All related party transactions entered into by the Company during the year were on an arms length basis and were in the ordinary course of business. There are no materially significant Related Party Transactions made by the Company with promoters, directors, key managerial personnel or other designated persons which may have potential conflict with the interest of the Company at large.

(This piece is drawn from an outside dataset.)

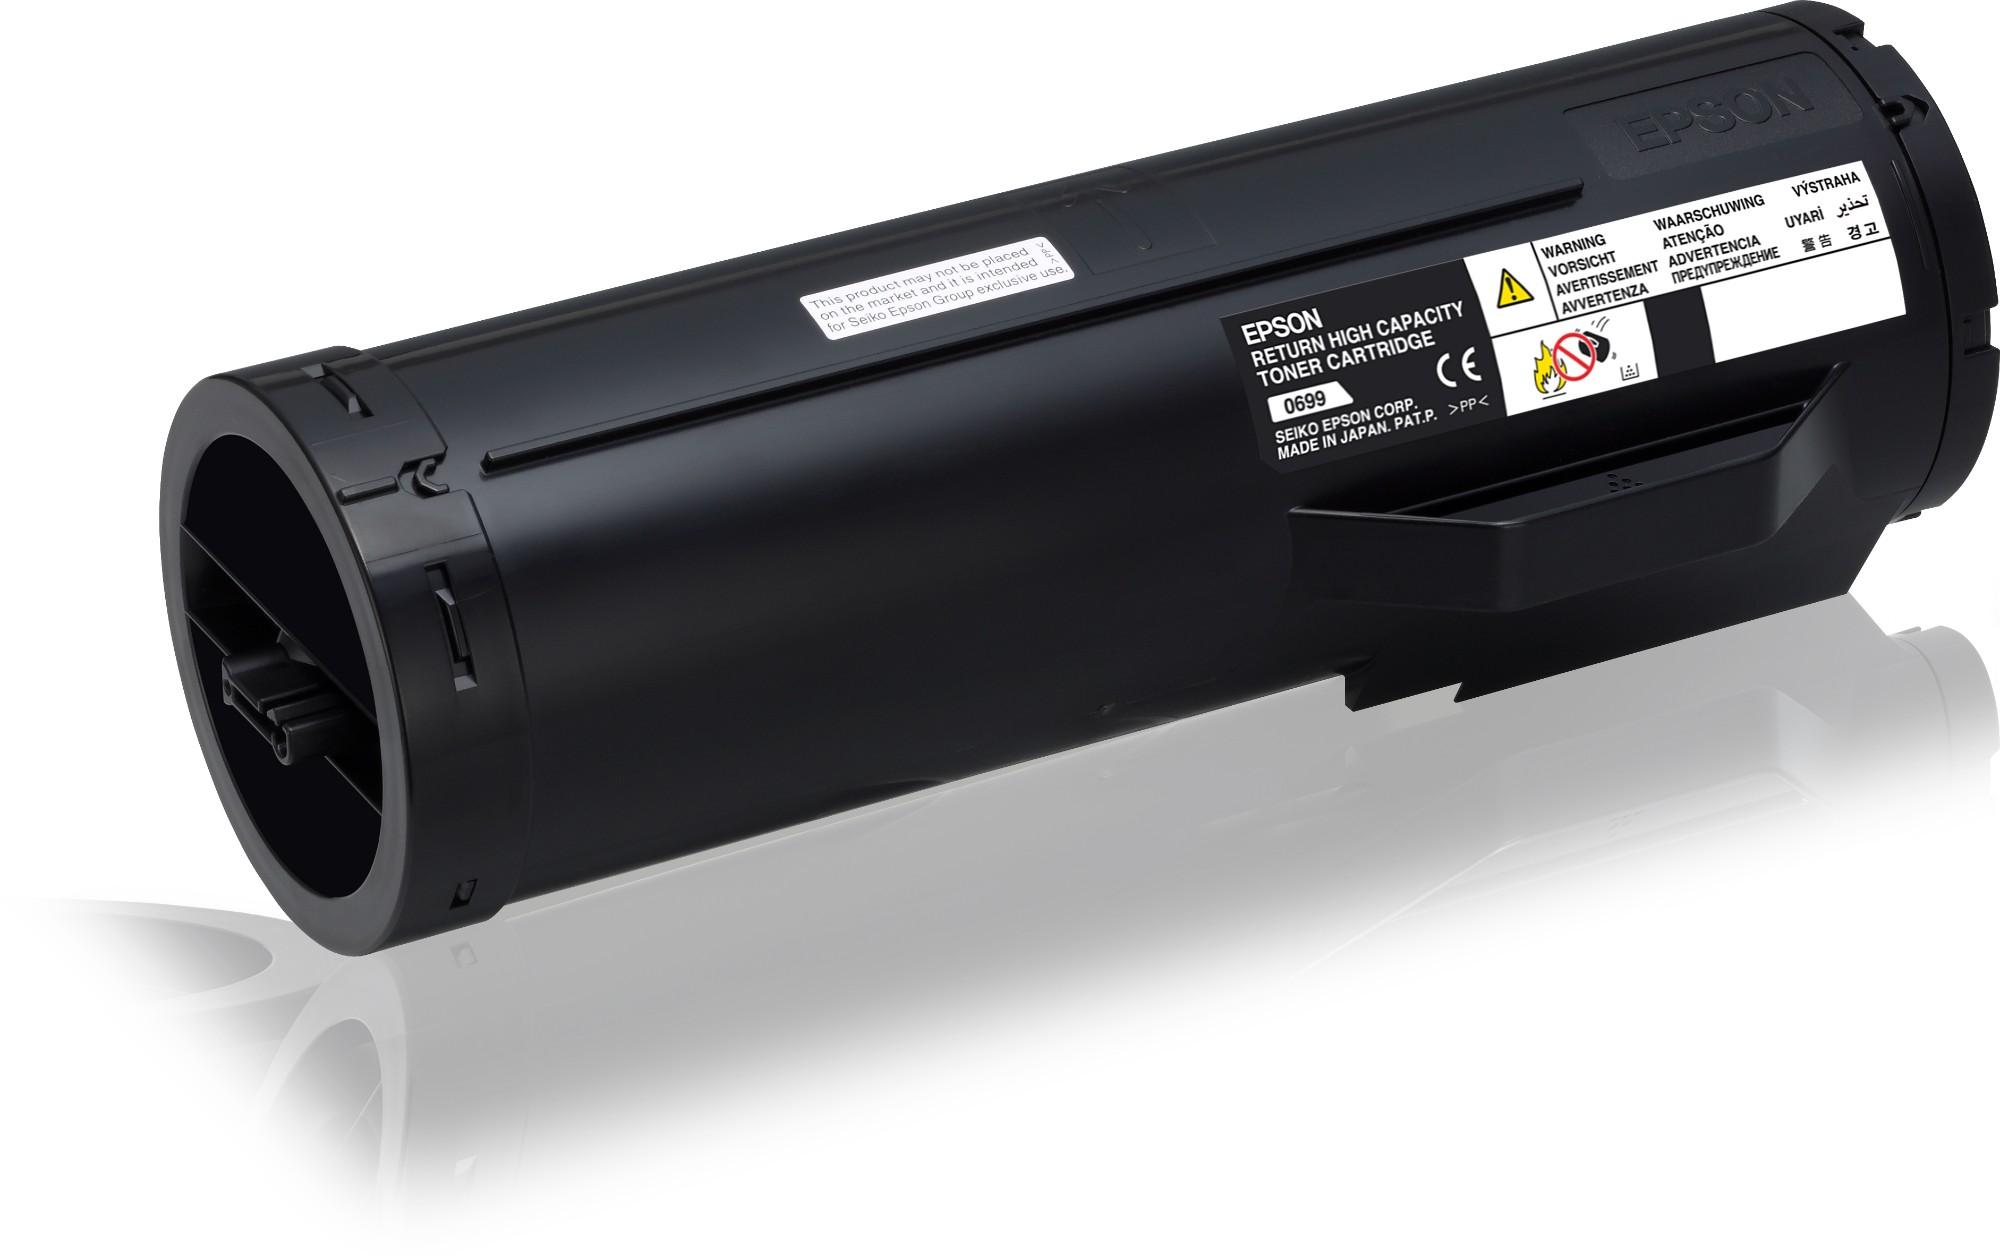 Epson Cartucho de tóner retornable negro alta capacidad 23.7k

All related party transactions that were entered into during the financial year were on an arms length basis. Details of such transactions are given in the Annexure - IX to this report.

EXTRACT OF ANNUAL RETURN

Pursuant to Section 134(3)(a)and Section 92(3) of the Companies Act 2013 read with Companies( Amendment) Act 201 7, an extract of Annual Return (eForm MGT-9) is available on the website of the Company and can be accessed at link: http://hindustantin.biz/Uploads/image/71imguf_AnnualReturen2020.pdf

BADDI LAND

The District Collector, Solan issued a Show Cause Notice to the Company under Section 118 of the H.P. Tenancy and Land Reforms Act. It was alleged that the Company has violated the terms and conditions of the Section 118 of the H.P. Tenancy and Land Reforms Act. The Collector held that the Company has violated the provisions of Section 118 of the H.P. Tenancy and Land Reforms Act, therefore, ordered the vestment of the property in favour of the State of H.P. Being aggrieved, the Company has filed the appeal with Divisional Commissioner, Shimla and after various hearings, the Divisional Commissioner on 18th March, 2019, passed order in favor of the Company.

Now, Himachal Pradesh Government has filed revision petition against the said order and the same is pending adjudication before the Court of financial Commissioner (Appeals) Shimla.

APPRECIATION & ACKNOWLEDGEMENT

The Board wishes to place on record with deep sense of satisfaction, their appreciation for the high degree of professionalism, commitment and dedication displayed by employees at all levels and the guidance, cooperation and assistance extended to the Company by its Bankers, Shareholders, Customers and Suppliers.